RESULTS
Twenty-four procedures were performed in 12 patients (9 women, 3 men) with CCh and ICD: 7 (58.3%) had LQTS, 4 (33.3%) had BrS and 1 (8.3%) had CPVT. Ages ranged from 17 and 67, with a mean age of 42.5+ 14, and 8 patients (66.6%) were white. All patients were in stable condition, with no recent events before the dental care and receiving antiarrhythmic drug treatment (if indicated) according to medical decision (Table 1).
There were no symptoms or ICD therapy (antitachycardia pacing therapy [ATP] and shocks triggered). No complications occurred during the dental procedure requiring interruption. After administration of 2 cartridges of anesthetics, all patients did not complain of pain in both sessions, that lasted from 32 to 93 minutes, with an average of 55+ 15 minutes.

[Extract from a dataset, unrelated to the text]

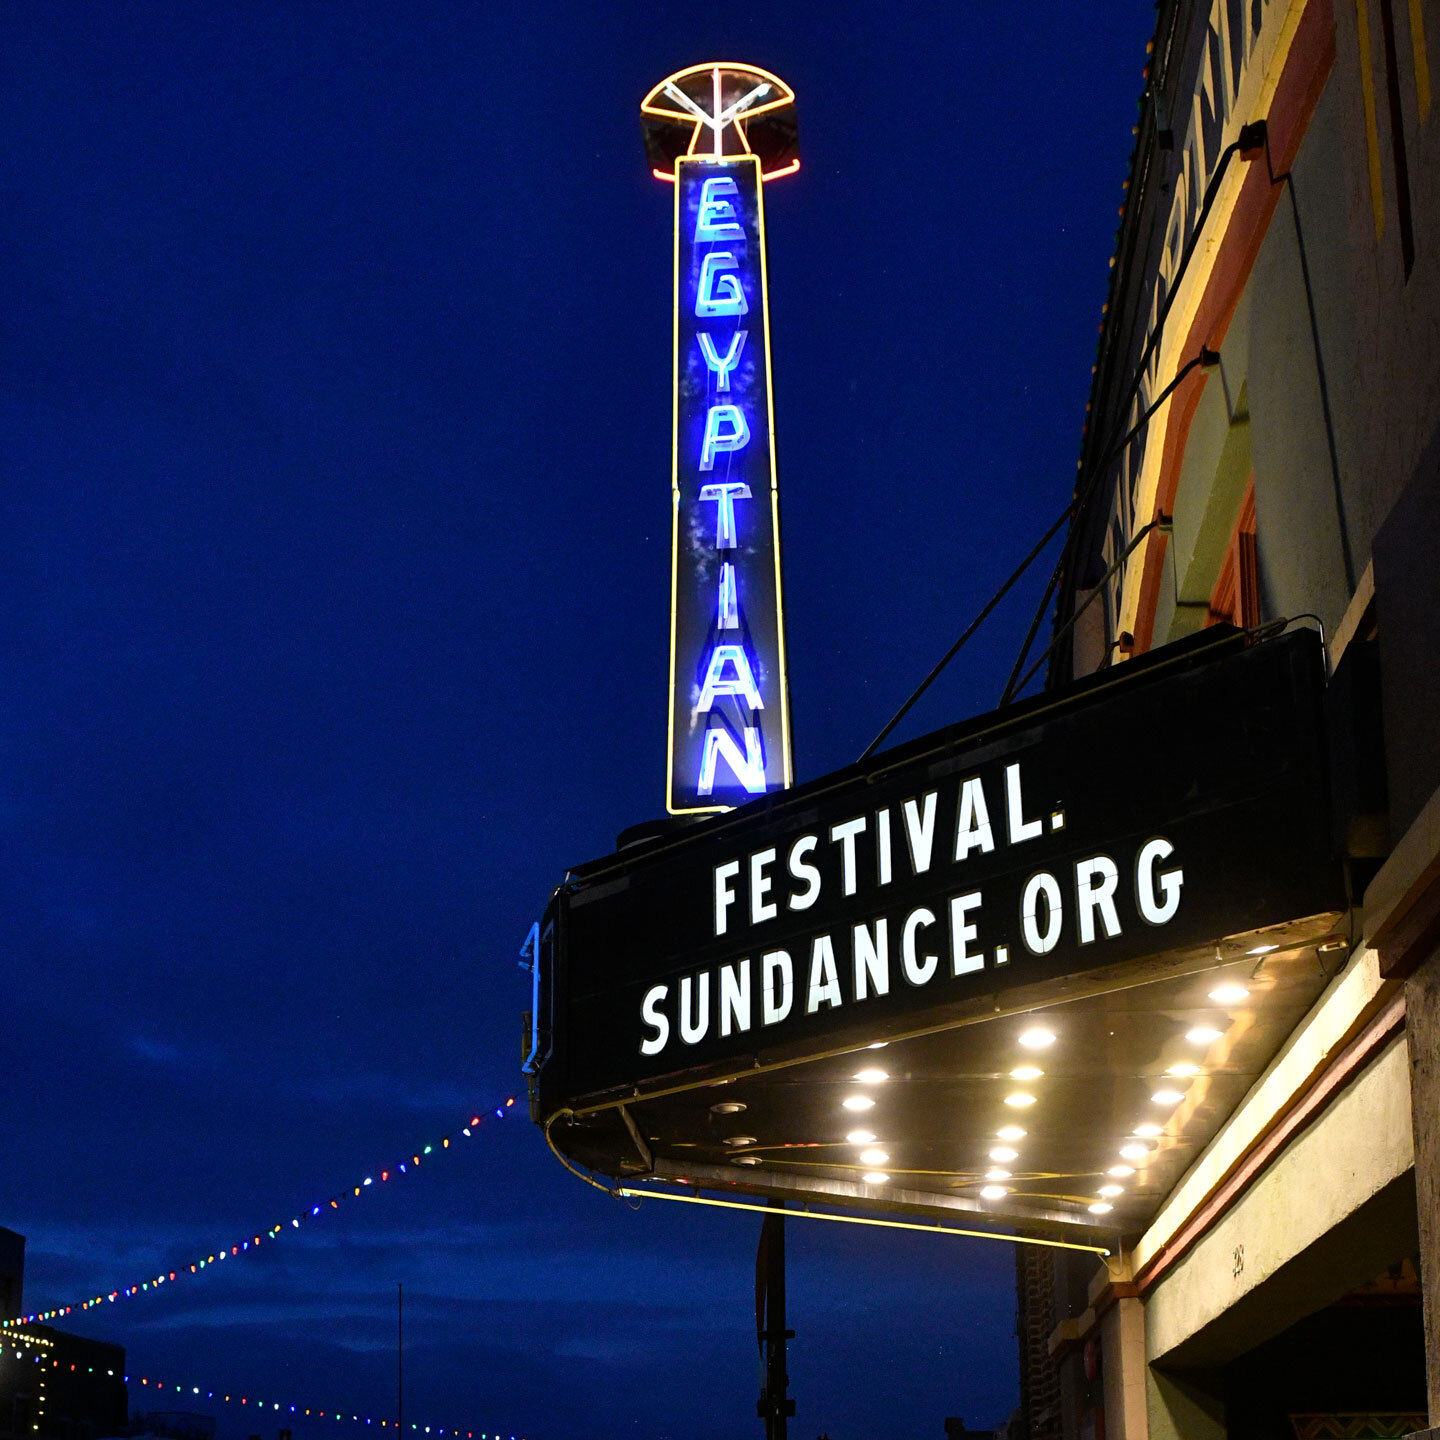 サンダンス映画祭の会場、エジプシャン シアター。入口のひさし部分に「Festival.Sundance.Org」の文字

Holter monitoring registered the HR and numbers of supraventricular and ventricular premature beats per hour in both conditions (with and without epinephrine) during the study periods, with no significant difference between them (P>0.05) (Tables 2).
No LTE occurred during dental treatment, regardless of the type of anesthesia. No patient with ICD received device shocks during the procedures and no sustained arrhythmias were observed.
Patients with LQTS and ICD did not show any LTE and the QTc measurements showed no statistically significant differences (Table 3). After administration of anesthesia, changes in QTc (categorized in >10% of shortening or lengthening of QTc) occurred in 2 patients, shortening this interval.
The four patients with BrS had no changes in ECG morphology in both conditions, with and without epinephrine, during the studied 3 moments and had no LTE.
The patient with CPVT did not showed occurrence and documentation of ventricular arrhythmia in the electrocardiographic tracings.
At the recording time points, with and without epinephrine, there were no significant differences in systolic and diastolic BP values and in anxiety measures.